Waste Leather Collection
Piles of discarded leather being moved in the Hebei factory's warehouse, in preparation for future processing. CCTV-13

Chinese police arrived at a factory Monday morning to find it ablaze. Black smoke was billowing out of the compound's white administrative building, and the sounds of explosions rang out. Hours later, after the flames had been tamed and investigators had entered the building, police revealed that Hebei Province's Xueyang Gelatin Factory had been a victim of arson, shockingly, by the plant's own manager.

In a bid to destroy evidence and data files that would implicate the factory and himself, plant manager Song Xingjie had ordered workers to collect together office computers and damaging files. He later set the fire to erase evidence of wrongdoing. Song soon fled and went into hiding, but was quickly captured by police.

What would compel a man to burn down his own factory?

Perhaps unsurprisingly, the factory in question was the origin point for a supply chain of faulty products. In China, a country used to stories and reports of defective manufacturing and poor practices, this fact alone would have raised few eyebrows.

What captured the attention of the entire nation, however, was over what the company produced, how it went about doing it, and who it ultimately supplied.

Disturbingly, the plant had been using grotesque collections of old shoe leather and wasted bits of leather straps to create the gelatin powders which would later be shaped into medicinal pills for human ingestion.

As it turns out, the Xueyang Factory was at the heart of a web of companies which supply and sell gelatin protein-based capsules for 13 different types of medicines for treating everything from fever and headaches to coughing and upset stomachs. Testing revealed that capsule shells produced by nine companies across multiple provinces held dangerous concentrations of heavy metals -- in some cases up to ninety times higher than the maximum levels deemed safe for human consumption.

In a country already overly sensitive to environmental degradation, air pollution, food safety, and concerns over personal health, this recent occurrence not only raised eyebrows, it caused outrage and indignation.

Rotten and filthy strips of leather discarded from shoe factories and textile producers had been collected, treated with lye, bleached, and boiled until they resembled some thick paste.

Chinese journalists working for the country's central television network originally began looking into the case over half a year ago, visiting medicine plants in Zhejiang Province and interviewing workers there about their practices. Tracing back supply chains, sometimes halfway across the entire country to their points of origin, the reporters discovered that plants were using deceptively and disarmingly labeled blue leather to hide the true nature of the gelatin and protein powders they used for making medicinal capsules.

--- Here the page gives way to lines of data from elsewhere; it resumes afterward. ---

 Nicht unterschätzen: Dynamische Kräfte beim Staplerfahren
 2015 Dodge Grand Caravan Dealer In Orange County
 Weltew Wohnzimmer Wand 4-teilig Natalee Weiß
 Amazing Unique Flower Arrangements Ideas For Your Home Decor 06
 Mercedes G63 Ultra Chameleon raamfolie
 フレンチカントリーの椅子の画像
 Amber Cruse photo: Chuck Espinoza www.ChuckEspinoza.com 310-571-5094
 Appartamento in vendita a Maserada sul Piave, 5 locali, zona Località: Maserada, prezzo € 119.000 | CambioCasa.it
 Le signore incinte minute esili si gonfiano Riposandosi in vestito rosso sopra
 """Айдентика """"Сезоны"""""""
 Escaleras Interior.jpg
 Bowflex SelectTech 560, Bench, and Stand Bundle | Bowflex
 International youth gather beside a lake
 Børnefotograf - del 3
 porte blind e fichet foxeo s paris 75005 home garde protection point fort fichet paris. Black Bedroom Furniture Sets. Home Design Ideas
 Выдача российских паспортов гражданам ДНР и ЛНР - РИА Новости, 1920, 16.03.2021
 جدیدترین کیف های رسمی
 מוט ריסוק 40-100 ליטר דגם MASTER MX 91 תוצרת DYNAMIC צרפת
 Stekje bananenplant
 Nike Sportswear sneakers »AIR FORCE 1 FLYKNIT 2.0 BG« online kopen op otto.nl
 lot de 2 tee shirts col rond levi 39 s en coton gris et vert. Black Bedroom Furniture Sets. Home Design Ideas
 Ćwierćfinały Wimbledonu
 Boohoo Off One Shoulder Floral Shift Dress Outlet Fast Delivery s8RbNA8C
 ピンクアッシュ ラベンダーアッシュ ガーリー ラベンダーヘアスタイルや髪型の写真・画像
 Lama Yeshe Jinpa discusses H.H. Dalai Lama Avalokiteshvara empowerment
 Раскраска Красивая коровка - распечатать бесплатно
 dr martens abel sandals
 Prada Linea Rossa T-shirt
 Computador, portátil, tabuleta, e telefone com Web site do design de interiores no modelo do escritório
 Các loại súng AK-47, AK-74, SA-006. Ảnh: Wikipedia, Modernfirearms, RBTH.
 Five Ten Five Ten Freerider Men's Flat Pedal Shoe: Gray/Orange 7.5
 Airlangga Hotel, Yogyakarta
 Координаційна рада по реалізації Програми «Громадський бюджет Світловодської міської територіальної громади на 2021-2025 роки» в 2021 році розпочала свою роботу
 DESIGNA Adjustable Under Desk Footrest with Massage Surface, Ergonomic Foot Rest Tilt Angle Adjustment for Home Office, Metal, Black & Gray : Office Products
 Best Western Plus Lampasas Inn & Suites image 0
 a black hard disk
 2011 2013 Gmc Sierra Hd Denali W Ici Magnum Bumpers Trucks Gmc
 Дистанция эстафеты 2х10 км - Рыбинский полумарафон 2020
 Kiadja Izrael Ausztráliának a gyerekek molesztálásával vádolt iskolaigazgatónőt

The Chinese government forbids using waste leather in producing gelatin, and like many other countries, only allows protein safe for consumption to be used in preparing components used for medicines. The factories in question had not only ignored established laws, they had actually stamped on their own seals of approval and inspection before shipping out products to clients.

Through highlighting this particular case and other prominent issues, news agencies and investigative journalists in China have revealed an increasingly ability to influence and shift national debate, direct discussion of important social issues, and act as a force for upholding social justice and moral behavior.

The speed and eagerness with which 'netizens' have picked up on the scandalous incidents is also an indication of the increasing appetite of average Chinese citizens for such controversial news stories.

The government is no doubt concerned about these trends, and has given warnings on perpetuating damaging rumors.

This particular incident is of course, no simple rumor and will be hard to ignore as yet another wake-up call for improving industrial standards in China.

In the meantime, citizens will have to remain in limbo and hope that police, press, and politics can work together to clean up the system and root out criminal practices.

As is a common in the country, popular new jokes and black humor have already been invented to alleviate tensions and soften attitudes.

Feeling sick? asks a friend. Go lick a shoe, follows the punchline.